--- Raw data ---
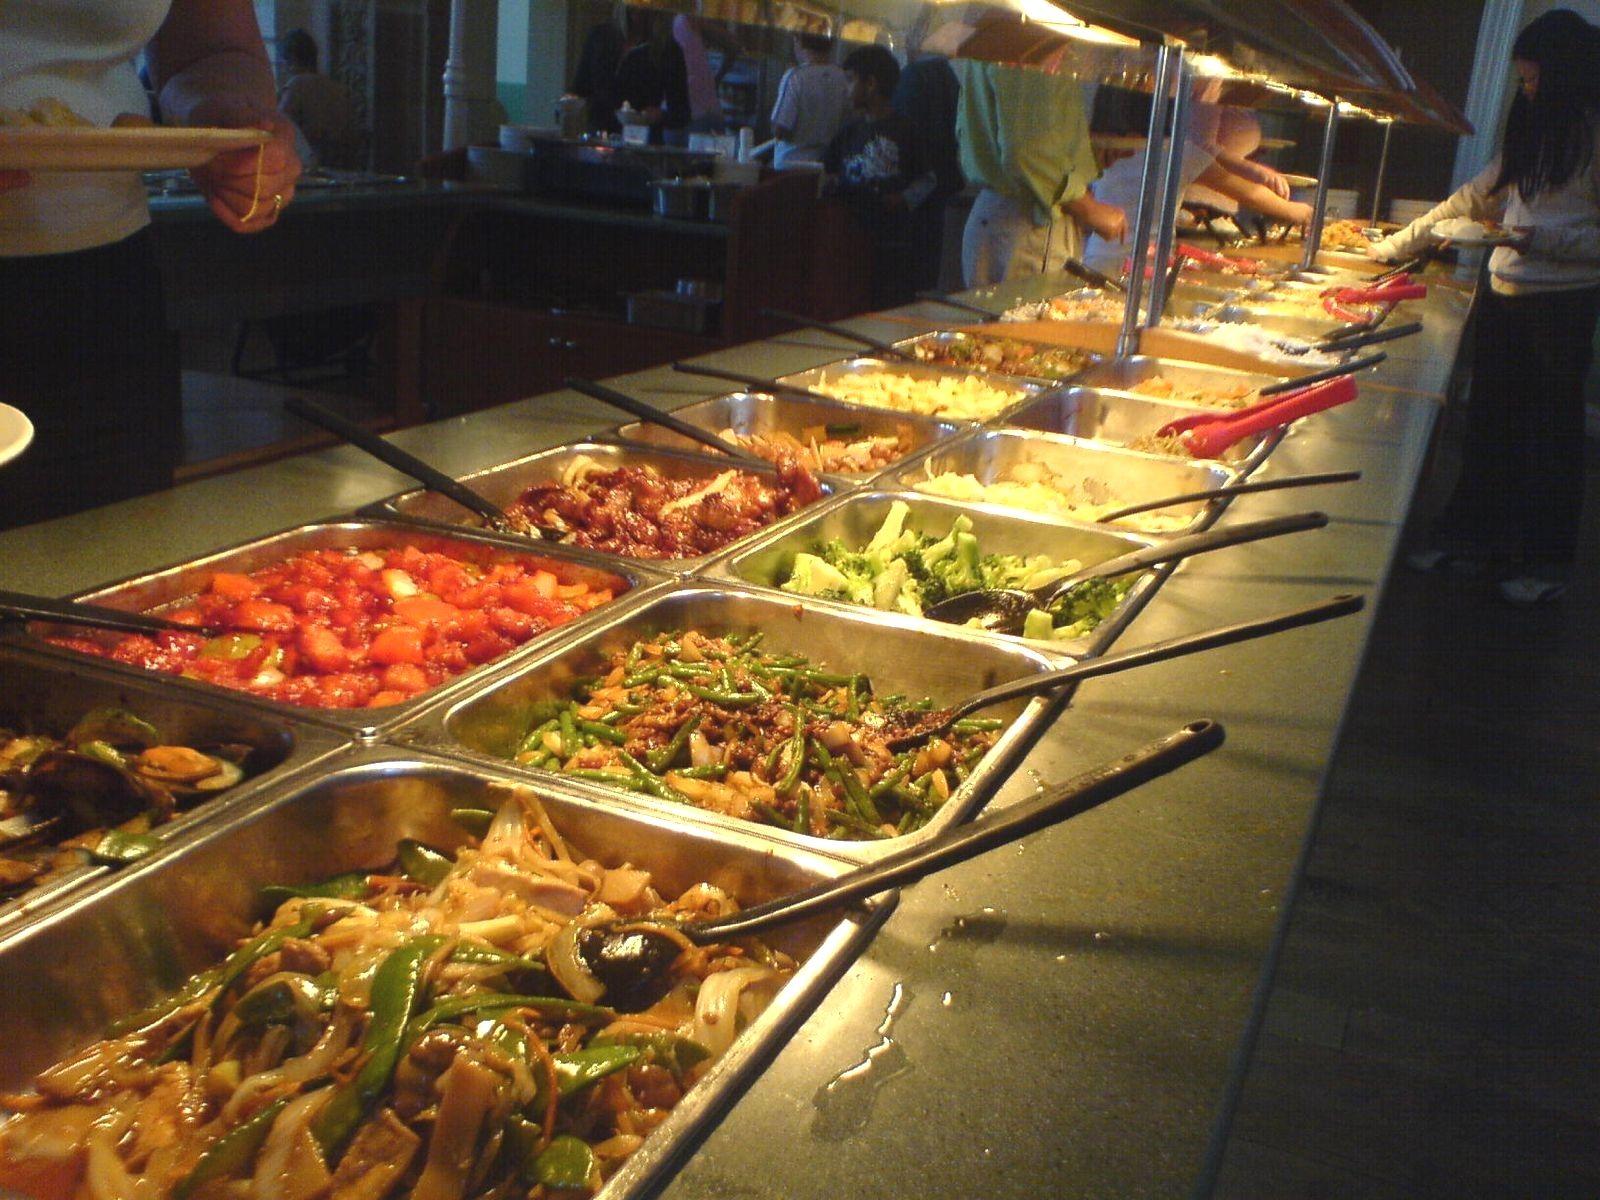 Image 20190330 094005 Taiwanese Food 536 อาหาร Food Recipes Taiwanese Food Zougank Eis Blog Mei Vill Informatioun Chinese Buffet Food Food Challenge
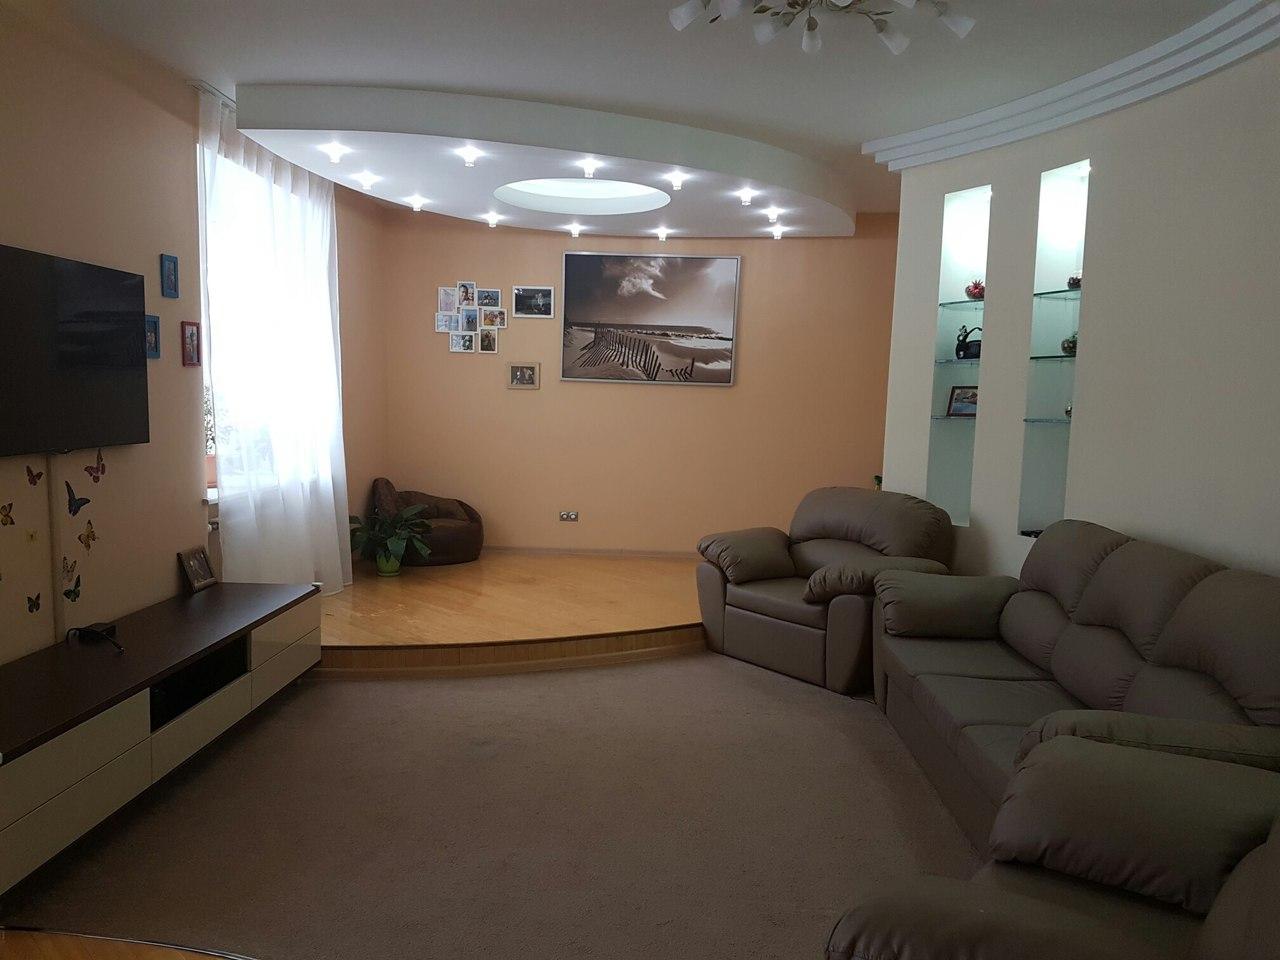 Комната зал после ремонта фото
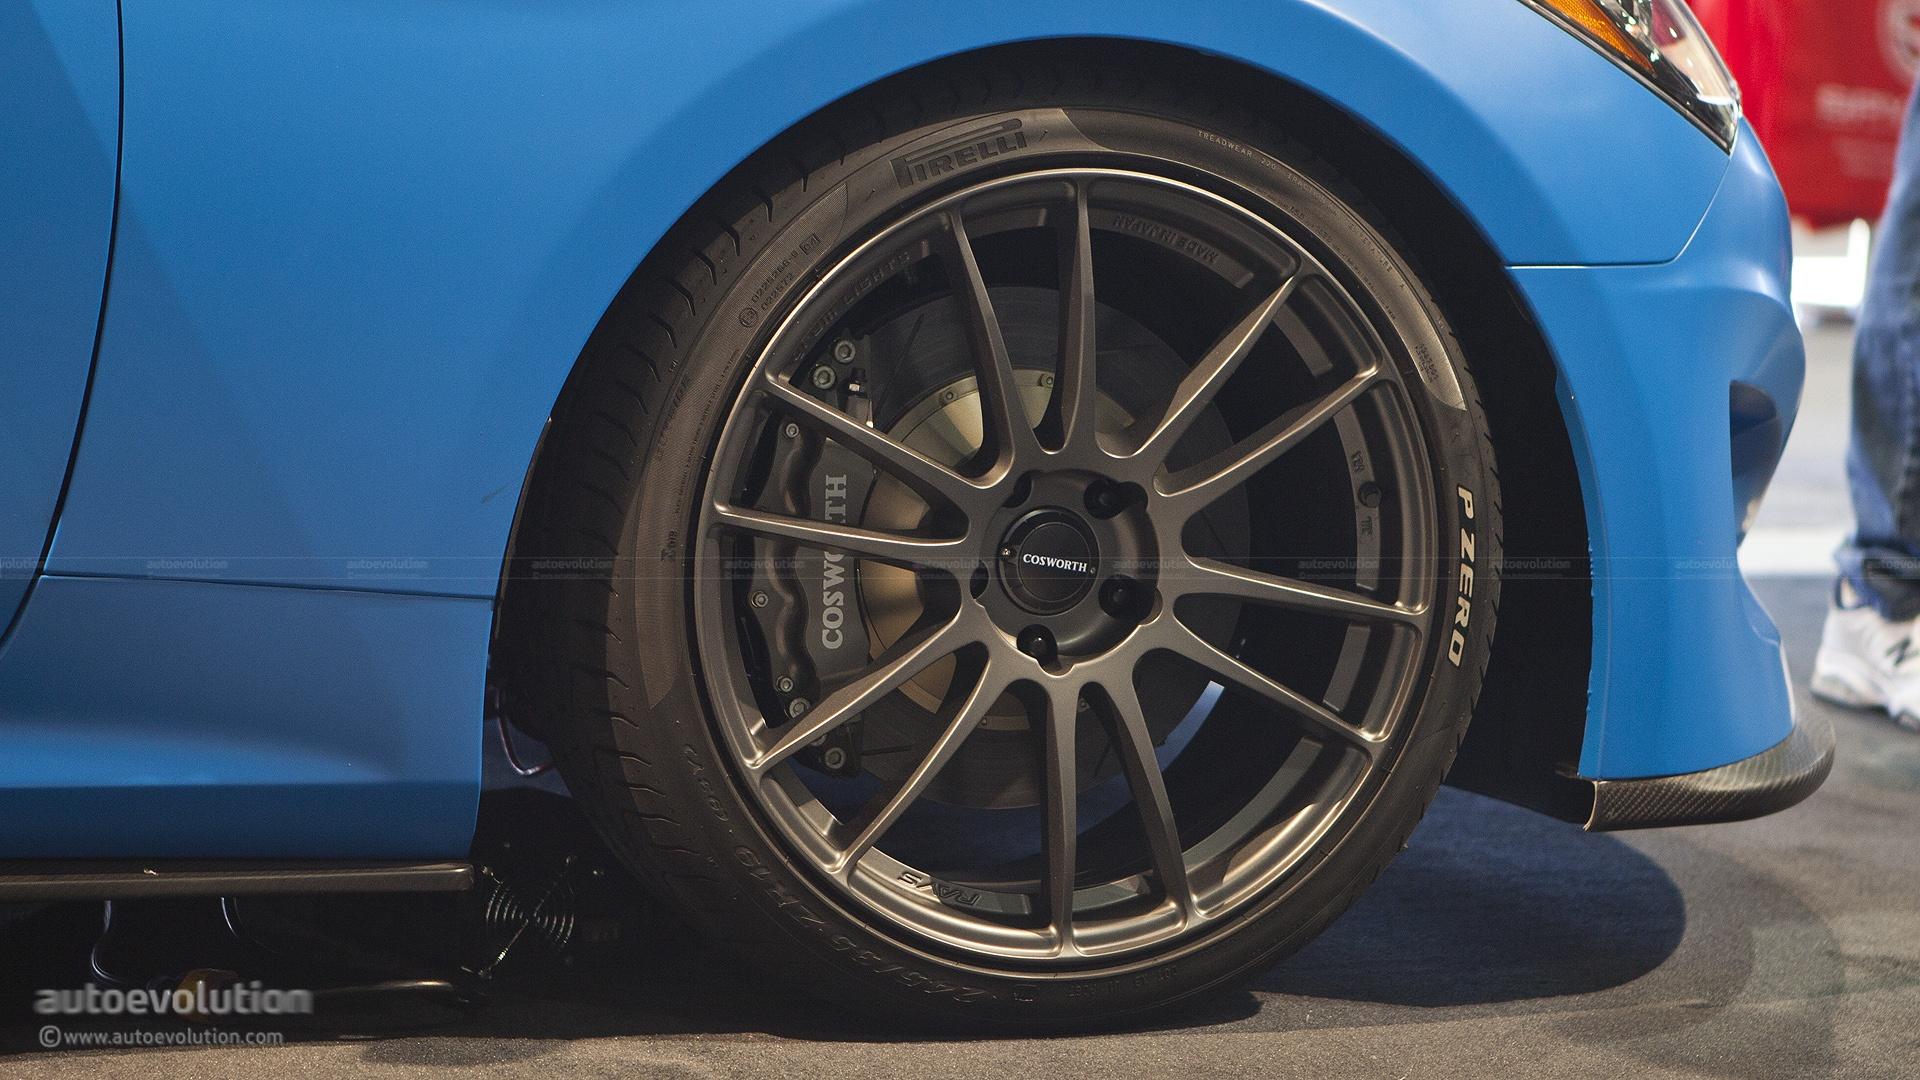 2012 Sema The Cosworth Hyundai Genesis Coupe Racing Live
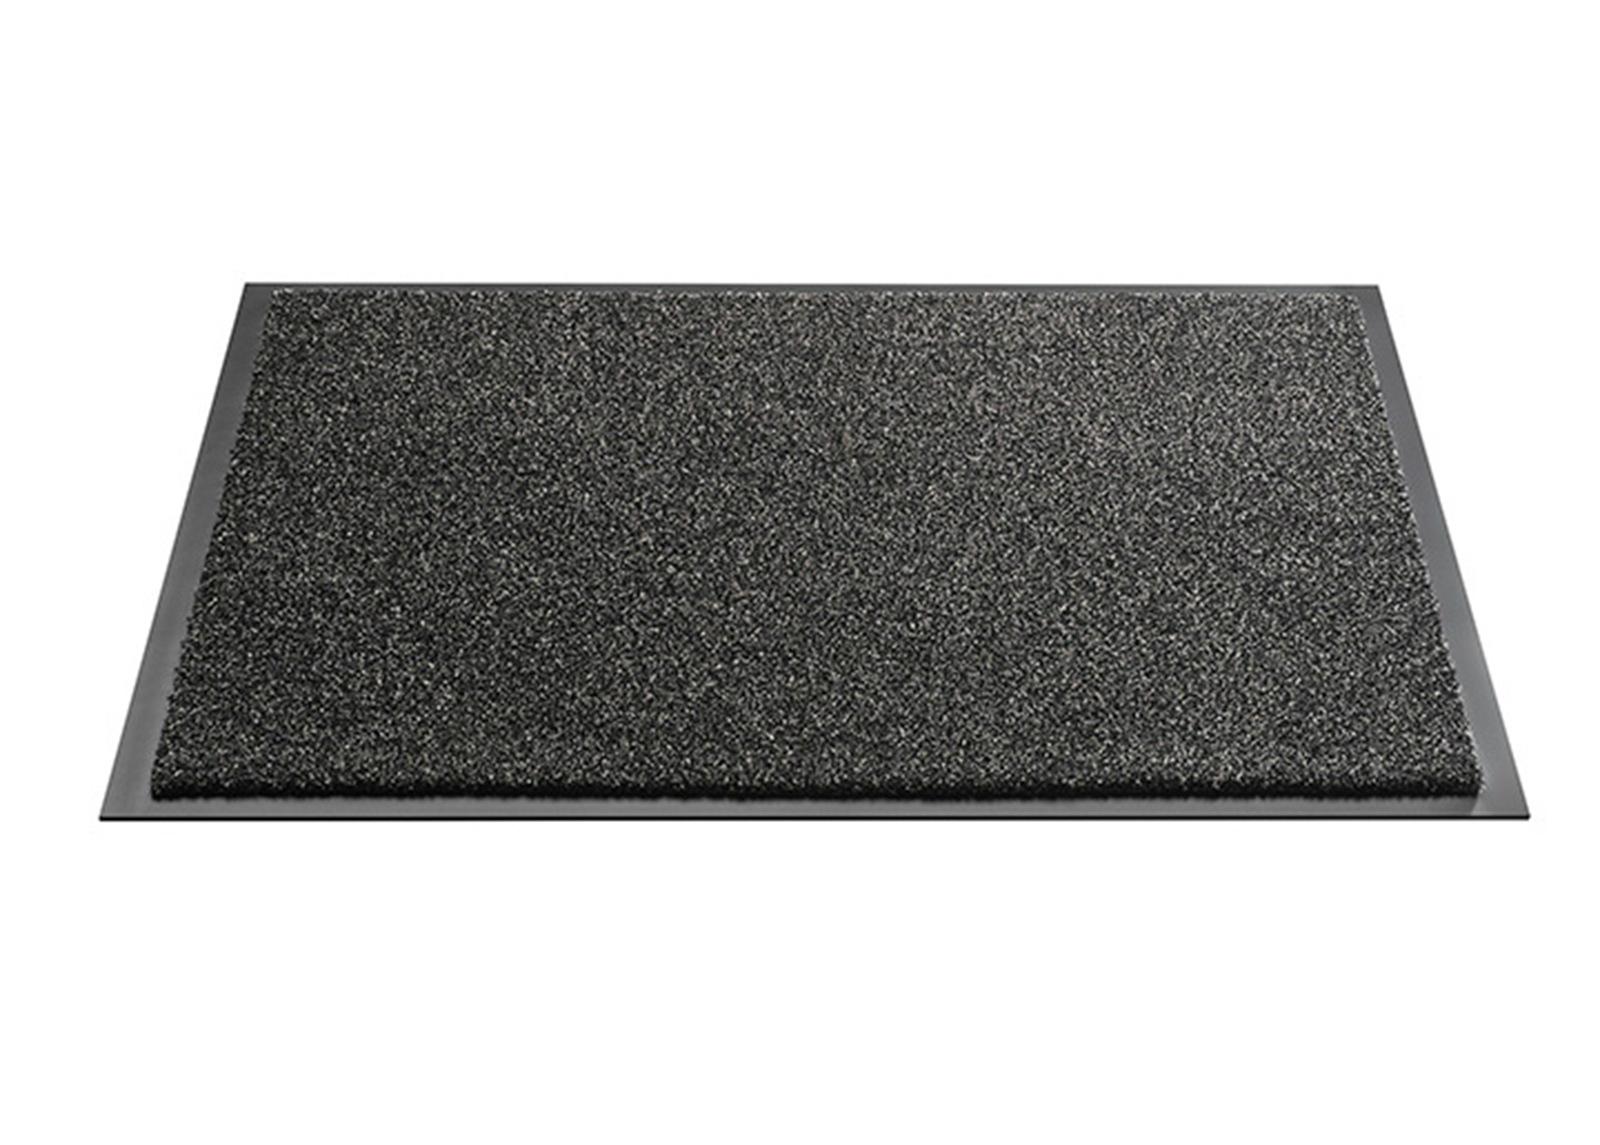 Ovimatto Briljant 80x120 cm
---
The task:
Repeat the material above word for word; no images go in the copy.

Problem solution:
 Image 20190330 094005 Taiwanese Food 536 อาหาร Food Recipes Taiwanese Food Zougank Eis Blog Mei Vill Informatioun Chinese Buffet Food Food Challenge
 Комната зал после ремонта фото
 2012 Sema The Cosworth Hyundai Genesis Coupe Racing Live
 Ovimatto Briljant 80x120 cm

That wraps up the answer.